SEC’s Coinbase Insider Trading Case Is ‘Backdoor Rulemaking,’ Trade Association’s CEO Says
The Chamber of Digital Commerce is trying to stop a case brought by the U.S. Securities and Exchange Commission (SEC) against a former Coinbase (COIN) employee accused of insider trading. The organization’s founder, Perianne Boring, said if the SEC succeeds, many digital assets could be defined as securities.
“We see this action as seriously concerning and would have significant ramifications for the entire digital asset industry,” Boring said Friday on CoinDesk TV’s “First Mover” about the group's “friend of the court” (amicus) brief in the SEC action before the U.S. District Court in Washington, D.C.
Last year, the U.S. Department of Justice (DOJ) charged former Coinbase manager Ishan Wahi with wire fraud for sharing information with his brother, Nikhil Wahi, and friend Sameer Ramani regarding which tokens would be listed on the crypto exchange’s platform before they went live.
The SEC swiftly followed suit, charging the trio with the same insider trading allegations. According to Boring, the SEC “piggybacked” on the DOJ case, essentially “latching onto a third party who had nothing to do with the issuance of these tokens.”
At a time when crypto companies find themselves in a tussle with regulators, Boring said what the SEC is doing is another example of regulating by enforcement and does nothing to define “what sort of digital asset transactions it considers to be securities transactions.”
If the court rules in favor of the SEC, nine of the supposed 25 crypto assets the trio purchased and sold could be defined as securities. This could lead to further legal battles for other crypto companies that list the tokens, she said.
That's why her group filed the amicus brief, arguing that the SEC’s crackdown is a form of “backdoor rulemaking.”

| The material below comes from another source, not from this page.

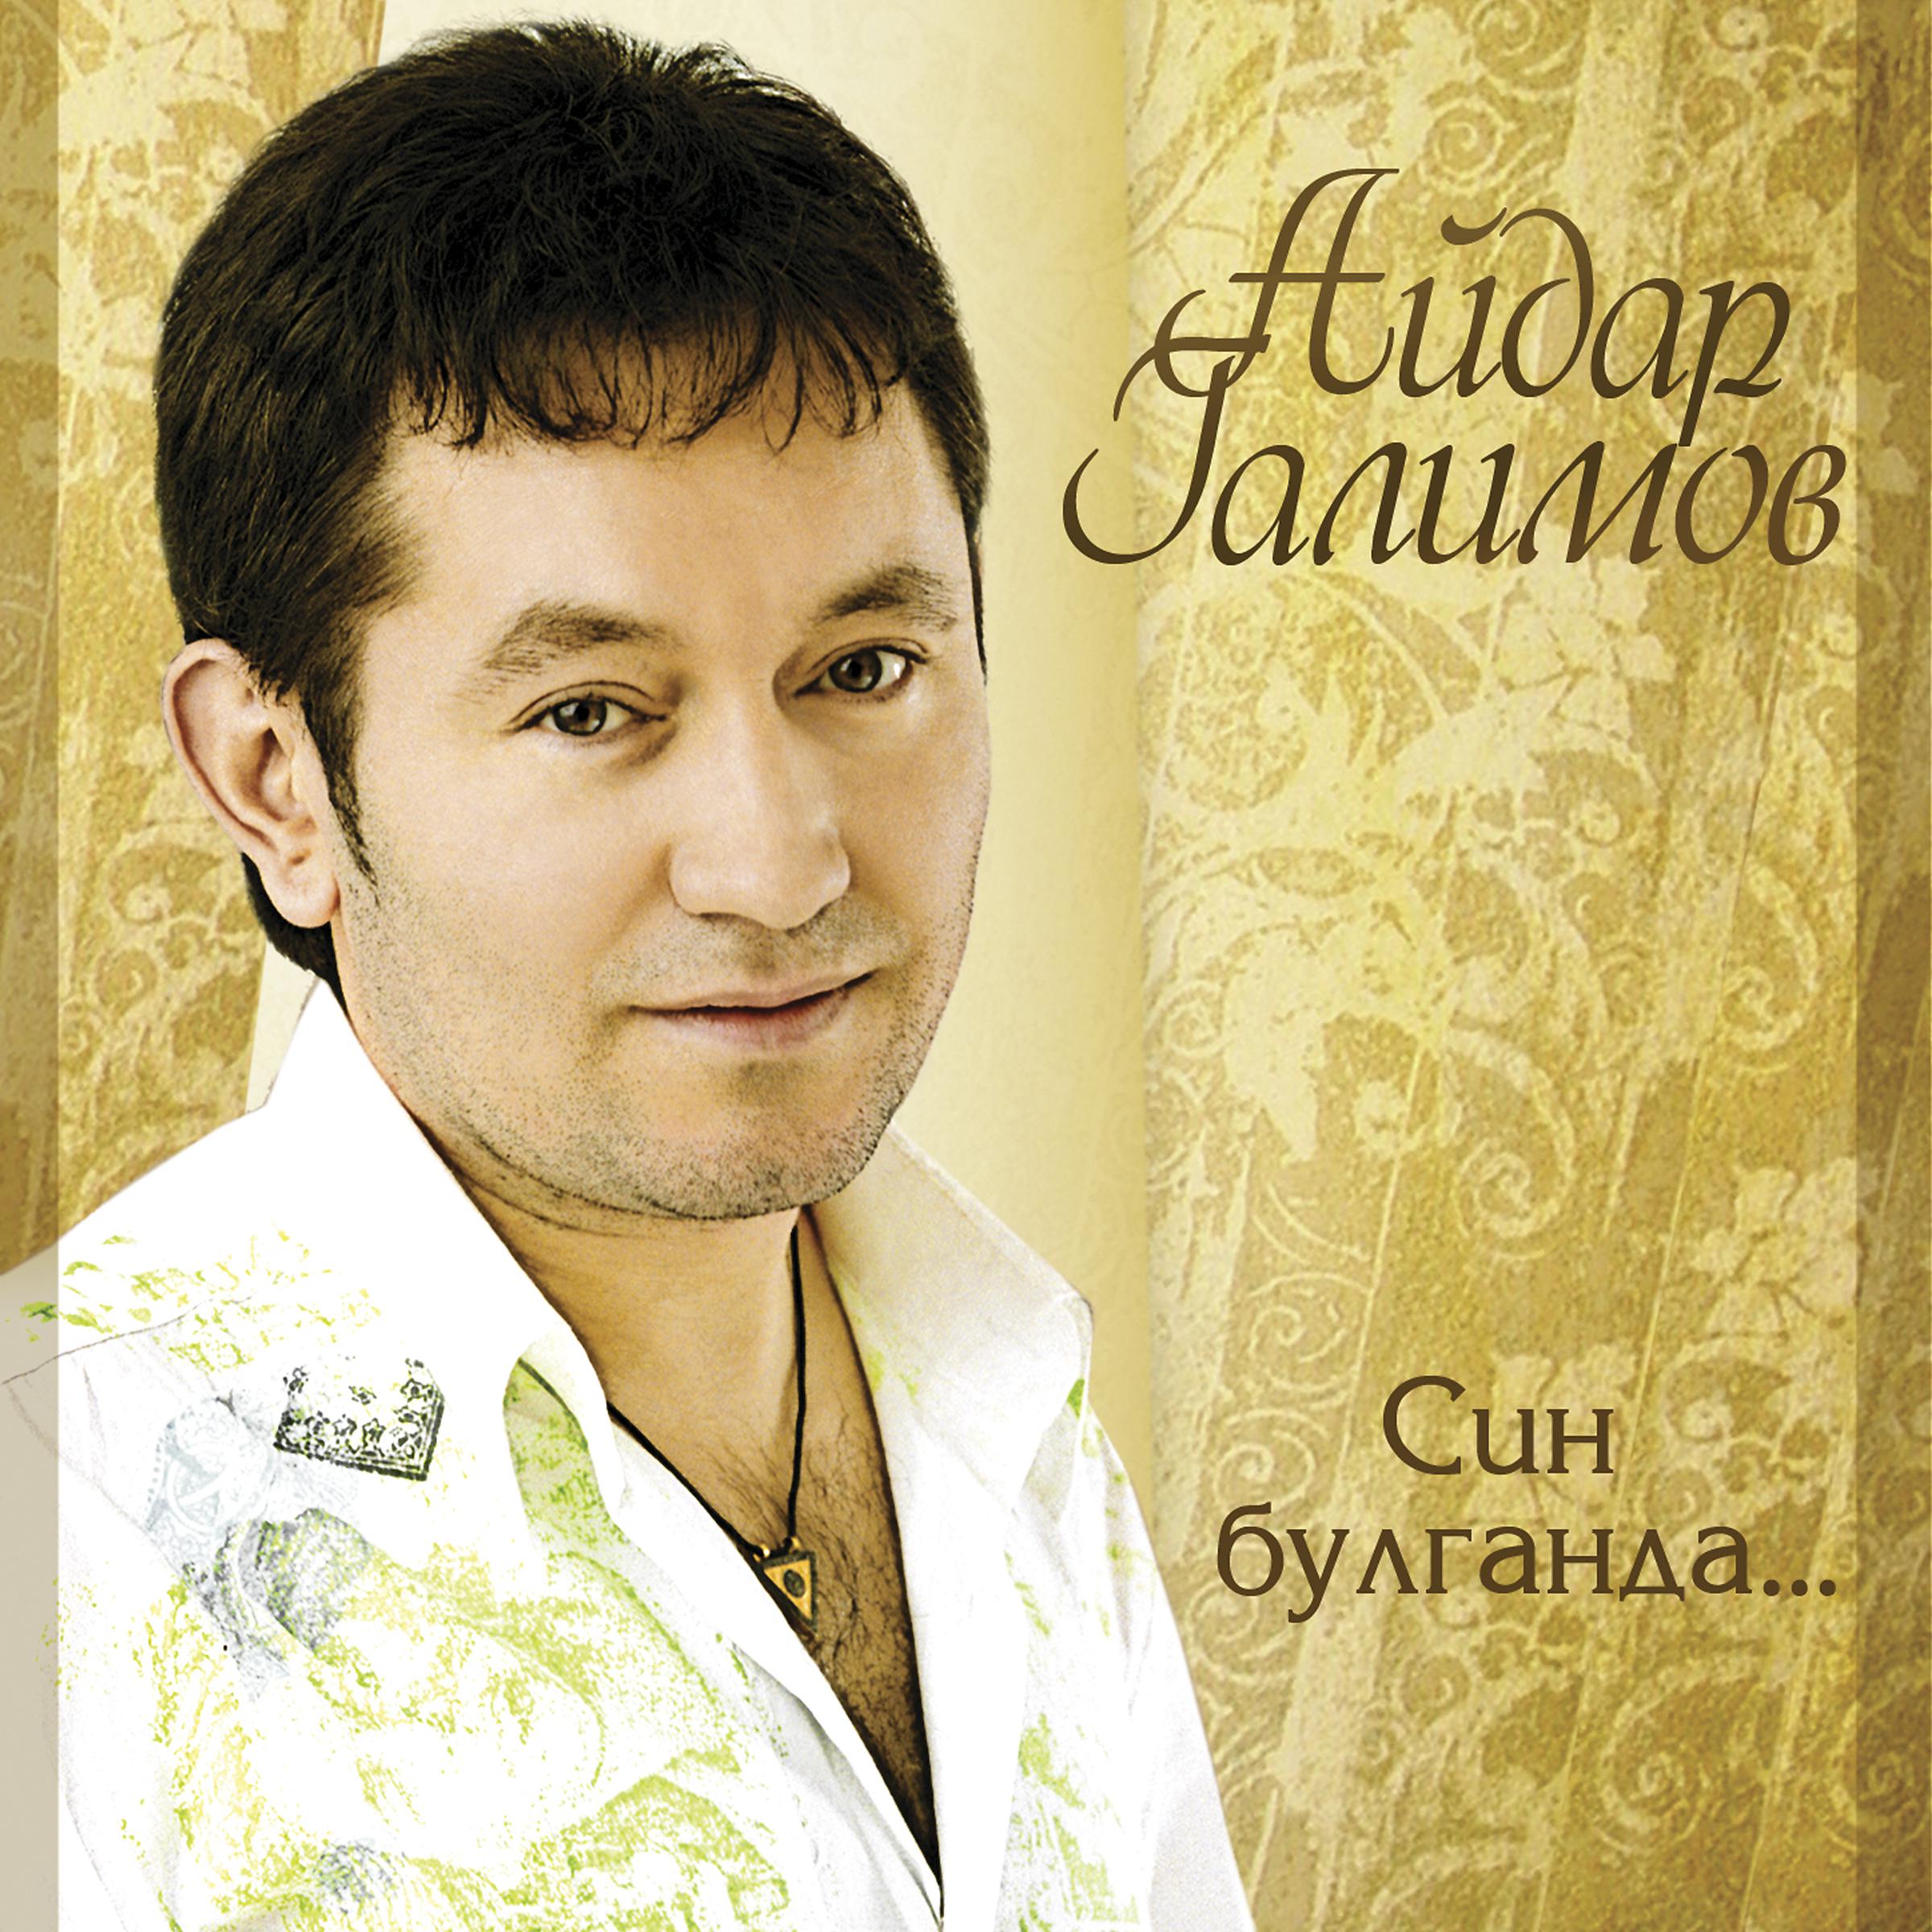 Татарский певец Ильдар Галимов. Слушать веселое татарском песни

Binance, the largest crypto exchange in the world and itself in the crosshairs of U.S. regulators, is among one of the contributors to the association’s legal filing.
Attempts to dismiss SEC case
Earlier this month, Wahi pleaded guilty to insider trading charges, while his brother Nikhil pleaded guilty to wire fraud conspiracy charges. Wahi’s lawyers, however, have since filed a motion to dismiss the SEC’s securities fraud charges, claiming the tokens listed were utility-based and not investment contracts.
The SEC’s Wahi case could be redundant, in part because “they’ve already been indicted by the DOJ,” Boring said. Still, in “no way, shape or form,” is the trade association “trying to downplay the seriousness of insider trading” she said.
“I want to be super-clear that anyone who breaks the laws, breaks just basic code of ethics, we should absolutely enforce against those individuals,” Boring said, adding that the DOJ’s case would have “absolutely nothing to do with the punishments” Wahi and his counterparts face.
Nonetheless, “a ruling that embraces the SEC’s position and endorses its tactics could have negative implications for the digital asset ecosystem,” Boring said.
She added the only regulatory guidance provided by the SEC has been in “the form of nonbinding speeches and statements that have been conflicting from administration to administration.”
CoinDesk reached out for comment from the SEC but did not hear back by the time of publication.